◆ **About this exercise**
Every entry needs to be printed exactly, please.

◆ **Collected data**
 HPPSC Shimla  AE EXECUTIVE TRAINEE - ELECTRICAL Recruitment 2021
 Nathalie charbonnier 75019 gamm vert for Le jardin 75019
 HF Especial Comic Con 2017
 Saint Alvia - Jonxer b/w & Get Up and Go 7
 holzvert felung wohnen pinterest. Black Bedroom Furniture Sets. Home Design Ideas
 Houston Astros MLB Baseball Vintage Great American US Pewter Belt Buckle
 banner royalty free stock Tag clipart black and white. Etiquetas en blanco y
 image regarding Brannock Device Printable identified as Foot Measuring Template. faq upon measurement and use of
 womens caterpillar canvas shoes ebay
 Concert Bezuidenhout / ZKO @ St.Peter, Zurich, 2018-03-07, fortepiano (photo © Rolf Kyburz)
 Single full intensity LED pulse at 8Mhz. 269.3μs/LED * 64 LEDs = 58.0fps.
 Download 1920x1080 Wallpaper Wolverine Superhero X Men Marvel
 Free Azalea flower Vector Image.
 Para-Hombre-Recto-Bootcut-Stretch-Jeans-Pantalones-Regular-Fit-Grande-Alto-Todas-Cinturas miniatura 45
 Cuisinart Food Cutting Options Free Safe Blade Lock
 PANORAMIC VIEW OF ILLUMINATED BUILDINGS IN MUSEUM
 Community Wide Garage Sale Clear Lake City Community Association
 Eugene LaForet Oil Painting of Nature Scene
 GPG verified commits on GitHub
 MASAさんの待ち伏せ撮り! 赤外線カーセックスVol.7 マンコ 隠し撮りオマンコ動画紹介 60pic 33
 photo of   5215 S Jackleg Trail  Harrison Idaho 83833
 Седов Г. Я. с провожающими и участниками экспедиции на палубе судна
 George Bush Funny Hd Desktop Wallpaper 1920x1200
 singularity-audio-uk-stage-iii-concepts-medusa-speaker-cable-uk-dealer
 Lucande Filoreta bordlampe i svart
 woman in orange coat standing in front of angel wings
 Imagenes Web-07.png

◆ **Exercise result**
 HPPSC Shimla  AE EXECUTIVE TRAINEE - ELECTRICAL Recruitment 2021
 Nathalie charbonnier 75019 gamm vert for Le jardin 75019
 HF Especial Comic Con 2017
 Saint Alvia - Jonxer b/w & Get Up and Go 7
 holzvert felung wohnen pinterest. Black Bedroom Furniture Sets. Home Design Ideas
 Houston Astros MLB Baseball Vintage Great American US Pewter Belt Buckle
 banner royalty free stock Tag clipart black and white. Etiquetas en blanco y
 image regarding Brannock Device Printable identified as Foot Measuring Template. faq upon measurement and use of
 womens caterpillar canvas shoes ebay
 Concert Bezuidenhout / ZKO @ St.Peter, Zurich, 2018-03-07, fortepiano (photo © Rolf Kyburz)
 Single full intensity LED pulse at 8Mhz. 269.3μs/LED * 64 LEDs = 58.0fps.
 Download 1920x1080 Wallpaper Wolverine Superhero X Men Marvel
 Free Azalea flower Vector Image.
 Para-Hombre-Recto-Bootcut-Stretch-Jeans-Pantalones-Regular-Fit-Grande-Alto-Todas-Cinturas miniatura 45
 Cuisinart Food Cutting Options Free Safe Blade Lock
 PANORAMIC VIEW OF ILLUMINATED BUILDINGS IN MUSEUM
 Community Wide Garage Sale Clear Lake City Community Association
 Eugene LaForet Oil Painting of Nature Scene
 GPG verified commits on GitHub
 MASAさんの待ち伏せ撮り! 赤外線カーセックスVol.7 マンコ 隠し撮りオマンコ動画紹介 60pic 33
 photo of   5215 S Jackleg Trail  Harrison Idaho 83833
 Седов Г. Я. с провожающими и участниками экспедиции на палубе судна
 George Bush Funny Hd Desktop Wallpaper 1920x1200
 singularity-audio-uk-stage-iii-concepts-medusa-speaker-cable-uk-dealer
 Lucande Filoreta bordlampe i svart
 woman in orange coat standing in front of angel wings
 Imagenes Web-07.png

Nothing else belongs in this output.